**DIV2-A Lucky Ticket:**

In this problem everything is obvious: if all digits are lucky and sum of the digits of the first half equals to the sum of the digits of the second half, then answer is YES, in other case - NO. All this can be checked by single loop through all the digits.

**DIV2-B Lucky Mask:**

You can see that, in worst case, the answer will be equal to 177777. It can't be greater. So, only thing you need is to write some function *F*(*x*) which will return mask of the *x*. After that you need to write such kind of code:

*x* = *a* + 1;

while (*F*(*x*) is not equal to *b*)

increase *x*;

and *x* will contain the answer.

**DIV2-C DIV1-A Lucky Transformation:**

You need to find two numbers: *c*47 (number of such positions *i*, that *a*_{i} = 4 and *b*_{i} = 7) and *c*74 (number of such positions that *a*_{i} = 7 and *b*_{i} = 4). After that the result will be *max*(*c*47, *c*74) (because you need to obtain *min*(*c*47, *c*74) swaps, the rest *max*(*c*47, *c*74) - *min*(*c*47, *c*74) are editings of digits).

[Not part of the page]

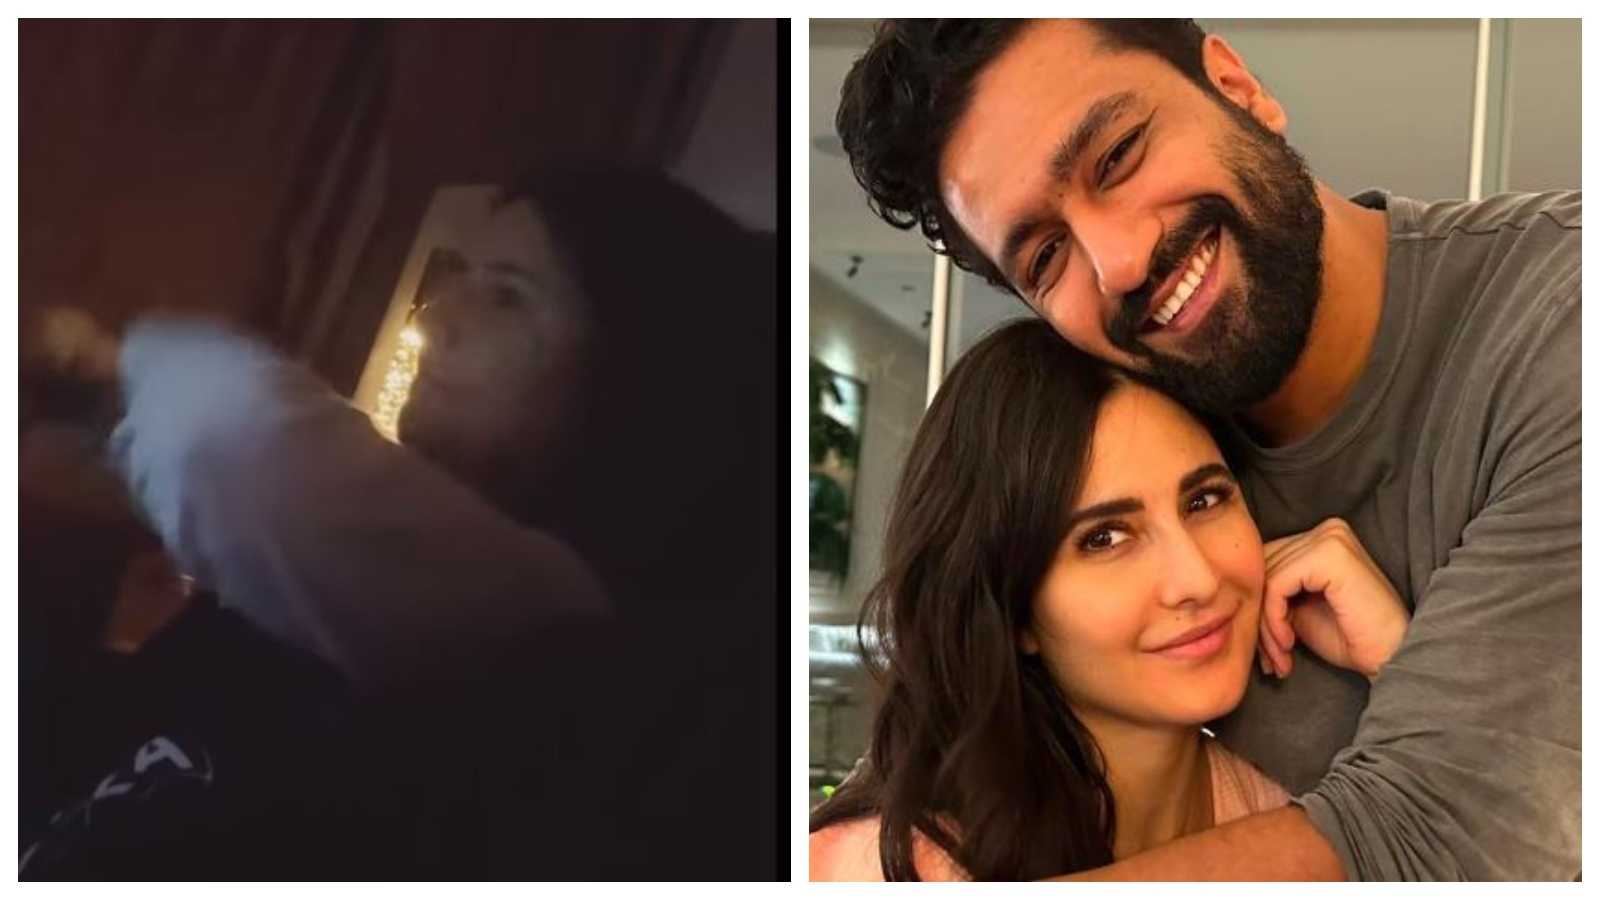 'Is she aware of being recorded?': Vicky Kaushal shares cute in-flight video of Katrina Kaif on 2nd wedding anniversary, netizens react

**DIV2-D DIV1-B Lucky Number 2:**

Let we have some string result *s*. Let then delete all repititions, i. e. while we have some pair adjacent equal digits, we delete one of them. Let call formed string a root. In root there will be no adjacent equal digits, so |*cnt*(47) - *cnt*(74)| ≤ 1. So, if |*a*_{3} - *a*_{4}| > 1, then answer is "-1". Now, if we would know the root, that will be used in our result, we can create result.

You can see, that if *a*_{3} = *a*_{4}, then root must be 47474747...474 or 747474...747. If *a*_{3} < *a*_{4}, then root is 74747474....74. If *a*_{3} > *a*_{4}, then root is 474747...47. Length of the root must be such that it fulfill *a*_{3} and *a*_{4}.

Now, when you have a root, you can build result. You just need to find first occurrence of 4 in root and insert the rest of 4 from *a*_{1} right next to that digit. To add the rest of 7, you need to find last occurrence of 7 in root.

The answer does not exits if, after constructing the root, you have used more 4 than *a*_{1} or more 7 than *a*_{2}.

**DIV2-E DIV1-C Lucky Different: **

As you probably know, the number of lucky numbers in range [1;10^{9}] is 1022. We use this fact to solve problem. Let *C*[*i*] - number of occurrences of *i*-th lucky number in array *a*. Now we schould calculate DP with parameters DP[pos][cnt] - what is the number of subsequences that we use lucky numbers up to *pos*-th and our subsequence contains exactly *cnt* lucky number. If we are on state DP[pos][cnt] we can do two things: do not use *pos*-th lucky number (and do DP[pos+1][cnt] += DP[pos][cnt]) or use *pos*-th lucky (and do DP[pos+1][cnt+1] += DP[pos][cnt]*C[pos], because you have C[pos] of *pos*-th lucky number).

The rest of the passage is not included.